[Items from a dataset]
━━━━━━
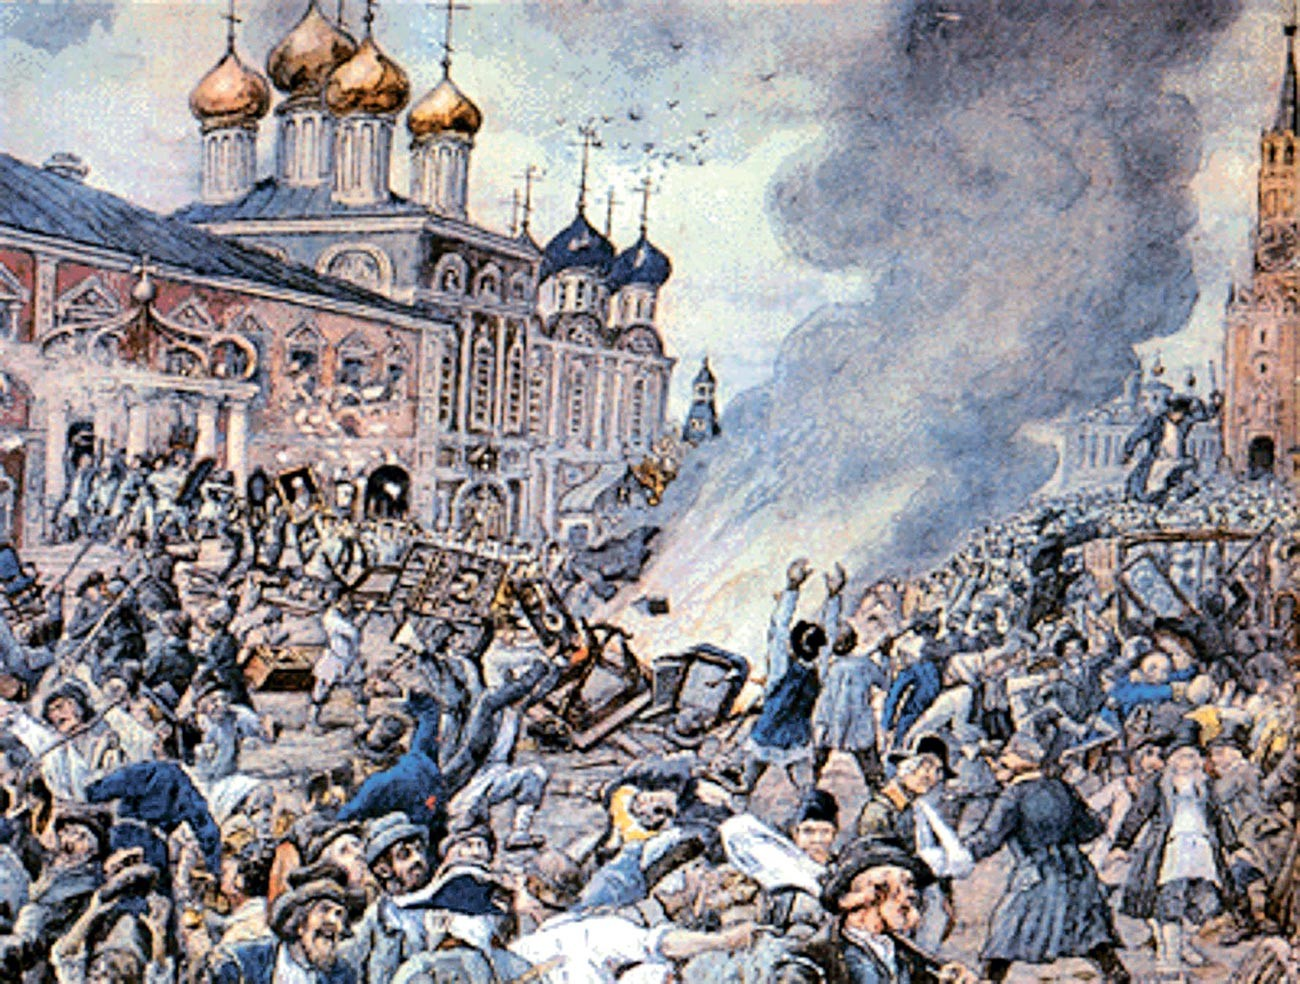 Émeute de la peste à Moscou en 1771, une aquarelle des années 1930 par E. Lissner
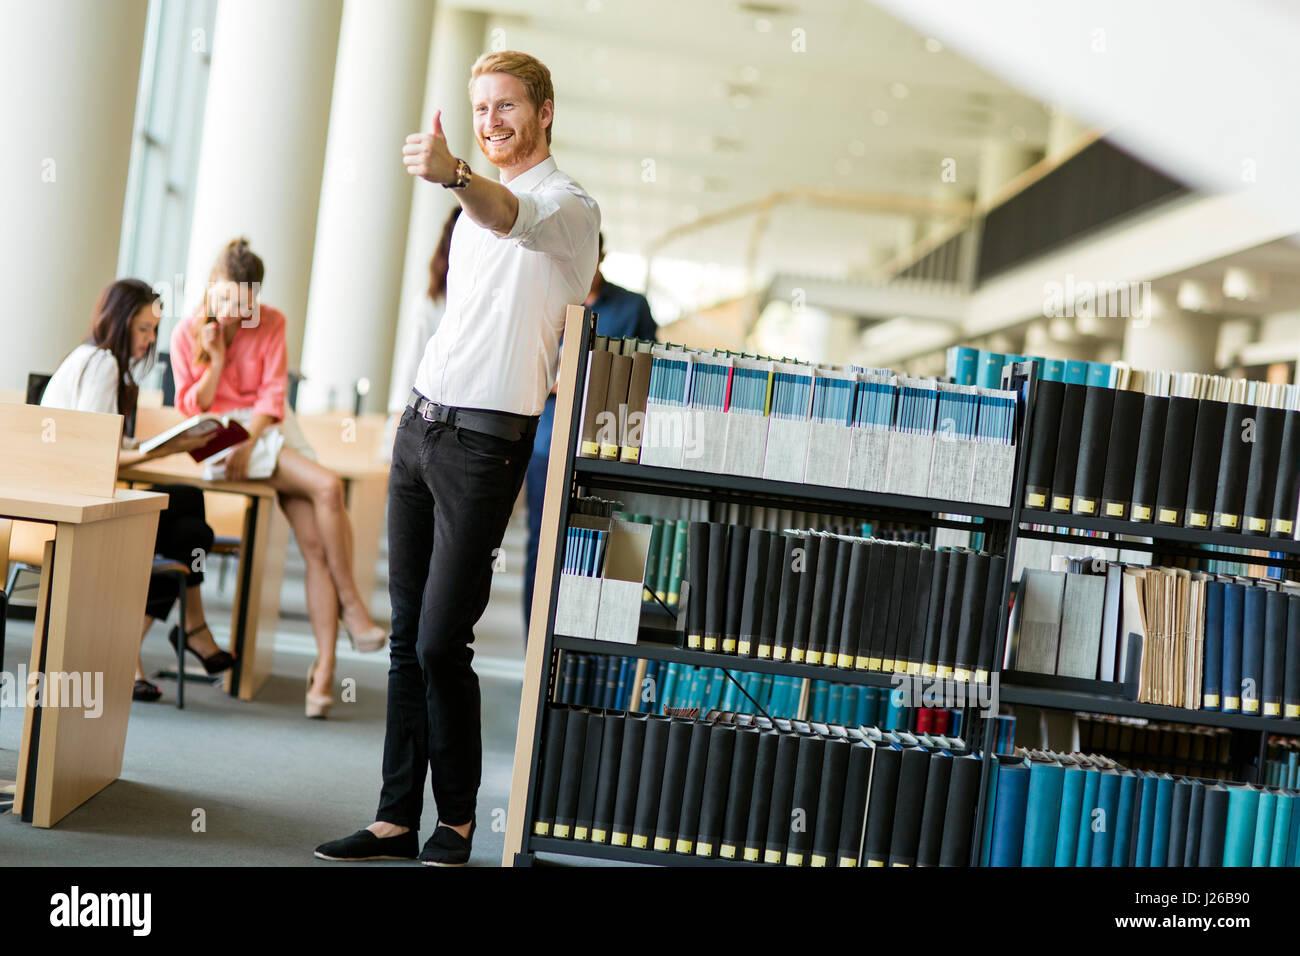 Groupe de jeunes gens qui étudient la lecture et l'éducation elles-mêmes dans la bibliothèque Photo Stock
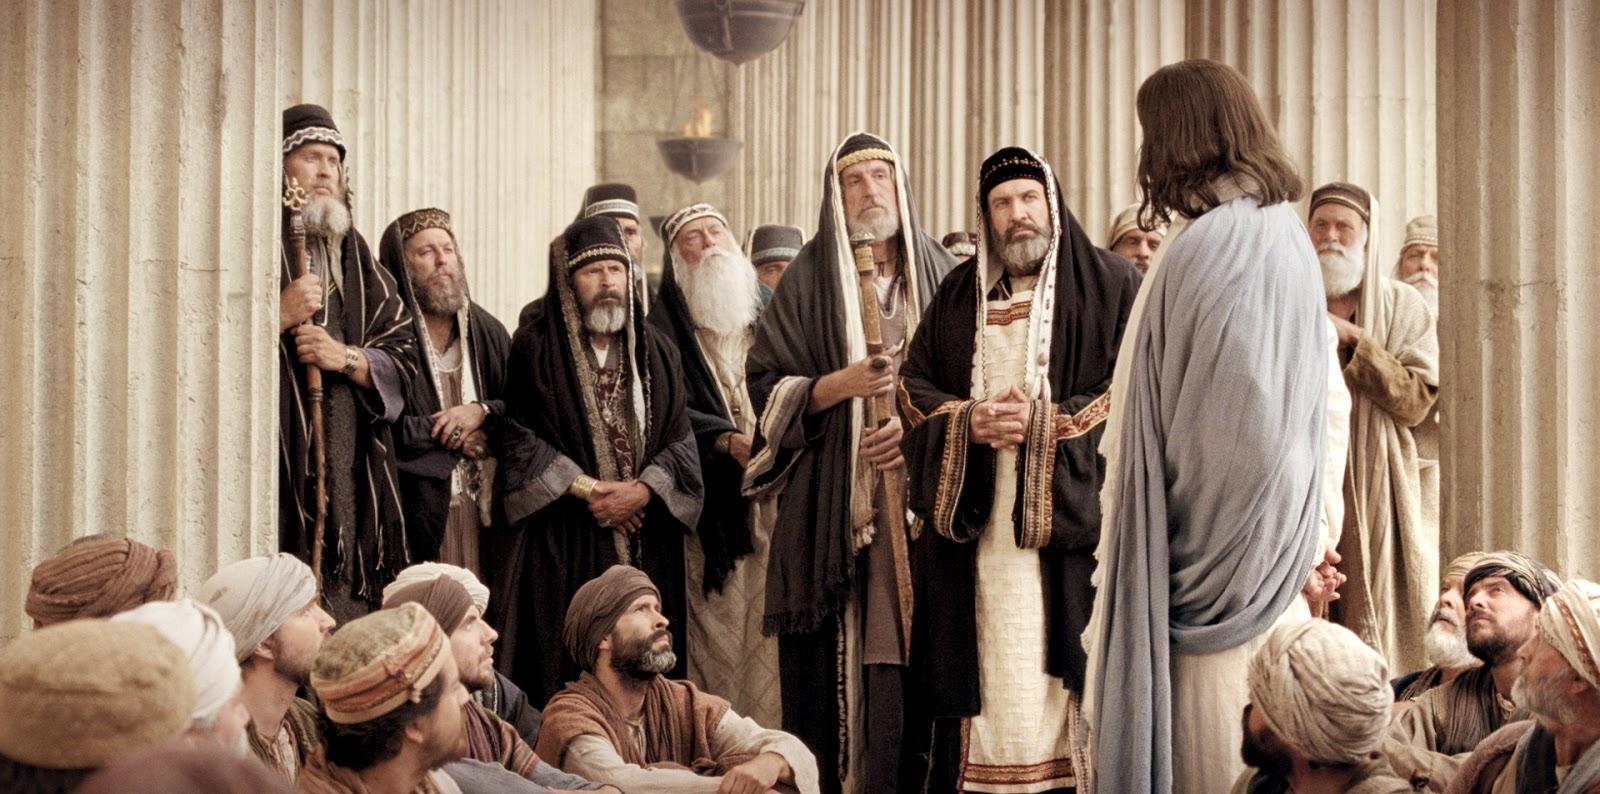 О фактах существования Христа продолжают спорить скептики и ученые
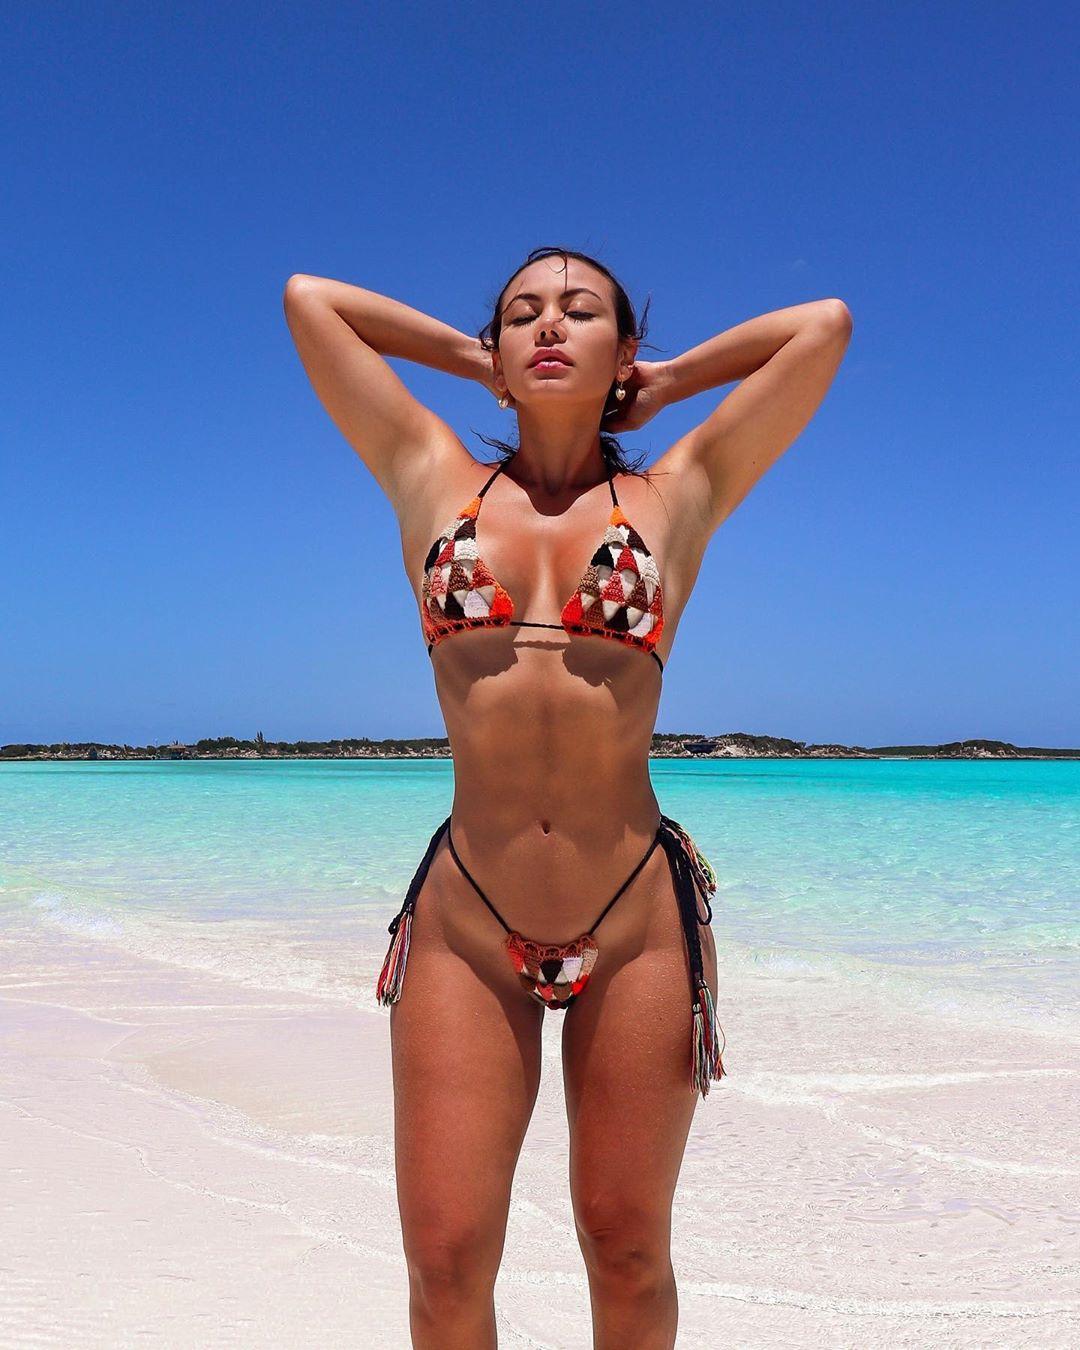 Alejandra Pineda Nude Leaked Videos and Alejapineda1 Naked Pics! 64
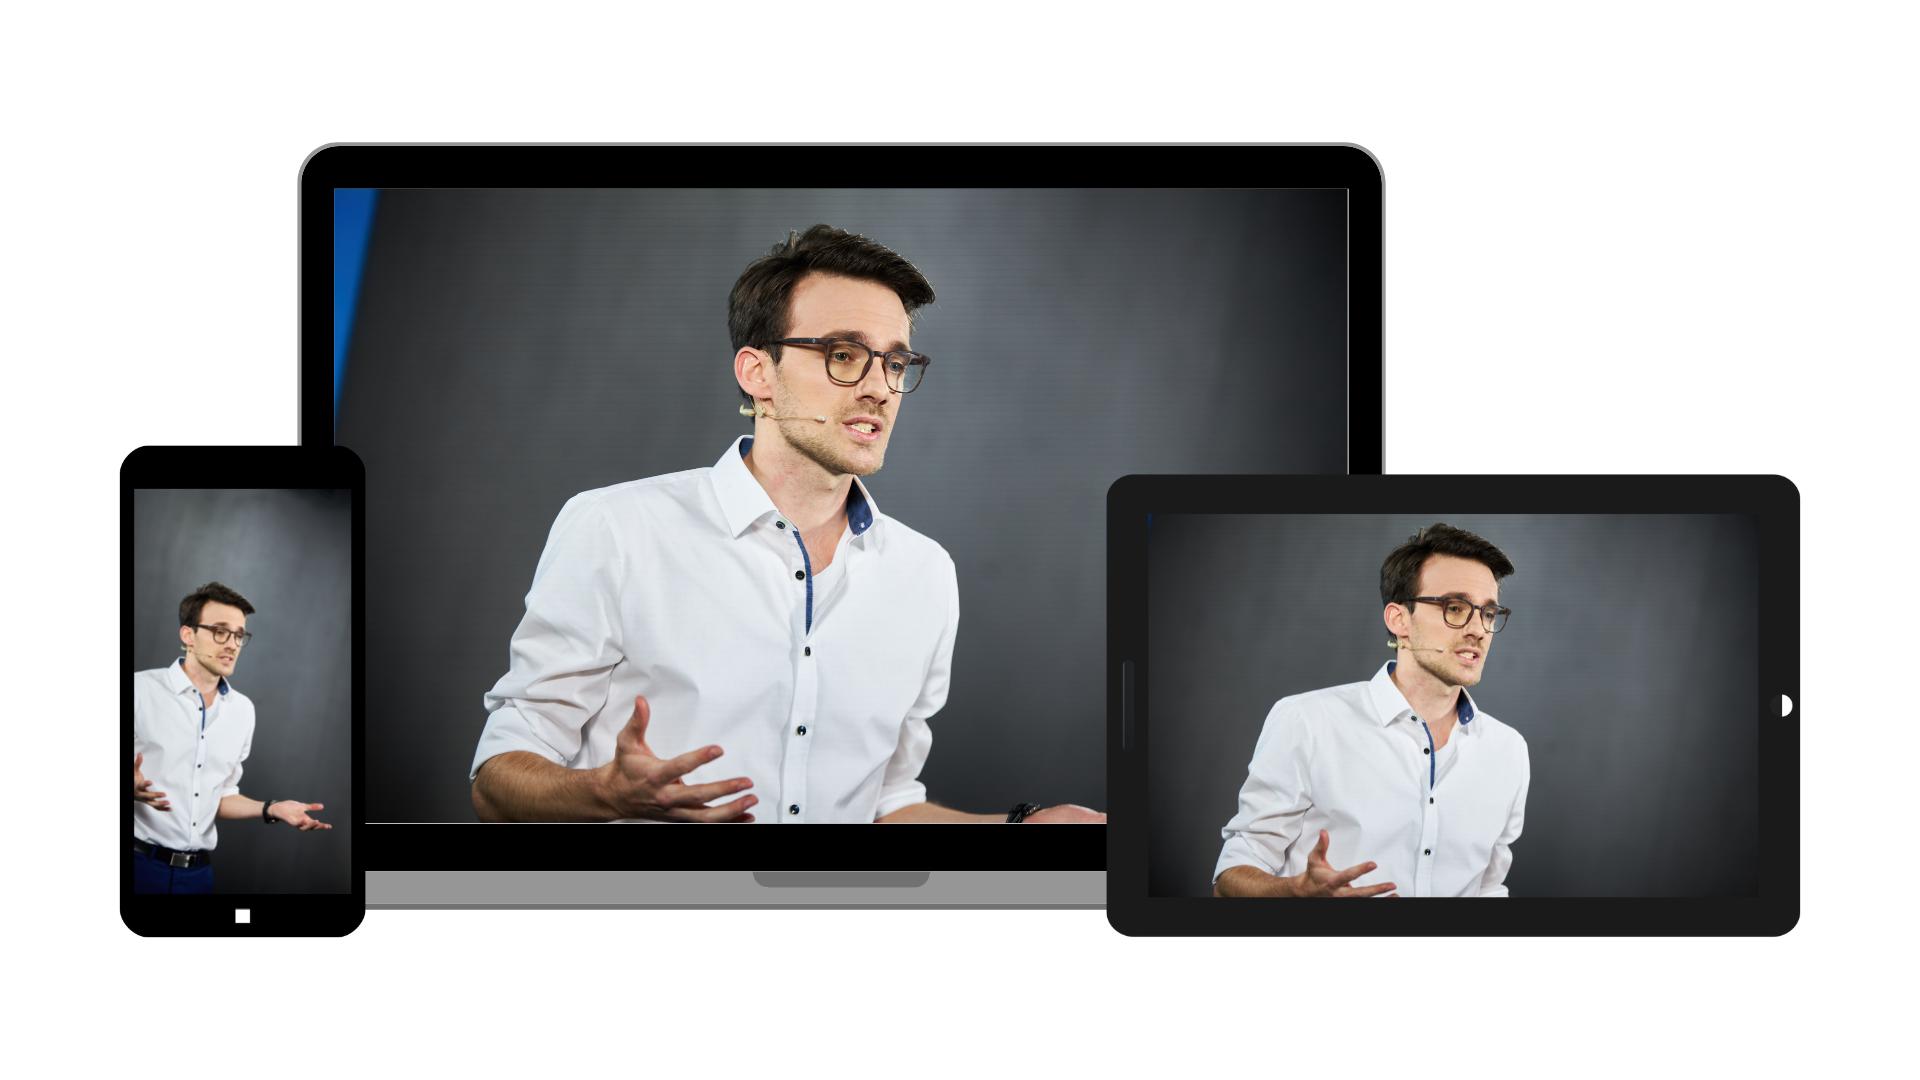 Ein Computer, Ipad und Smartphone mit Maximilian Delkeskamp auf dem Bildschirm
━━━━━━
§ The task:
Please print an exact copy of the records, with no pictures.

§ Reply to the task:
 Émeute de la peste à Moscou en 1771, une aquarelle des années 1930 par E. Lissner
 Groupe de jeunes gens qui étudient la lecture et l'éducation elles-mêmes dans la bibliothèque Photo Stock
 О фактах существования Христа продолжают спорить скептики и ученые
 Alejandra Pineda Nude Leaked Videos and Alejapineda1 Naked Pics! 64
 Ein Computer, Ipad und Smartphone mit Maximilian Delkeskamp auf dem Bildschirm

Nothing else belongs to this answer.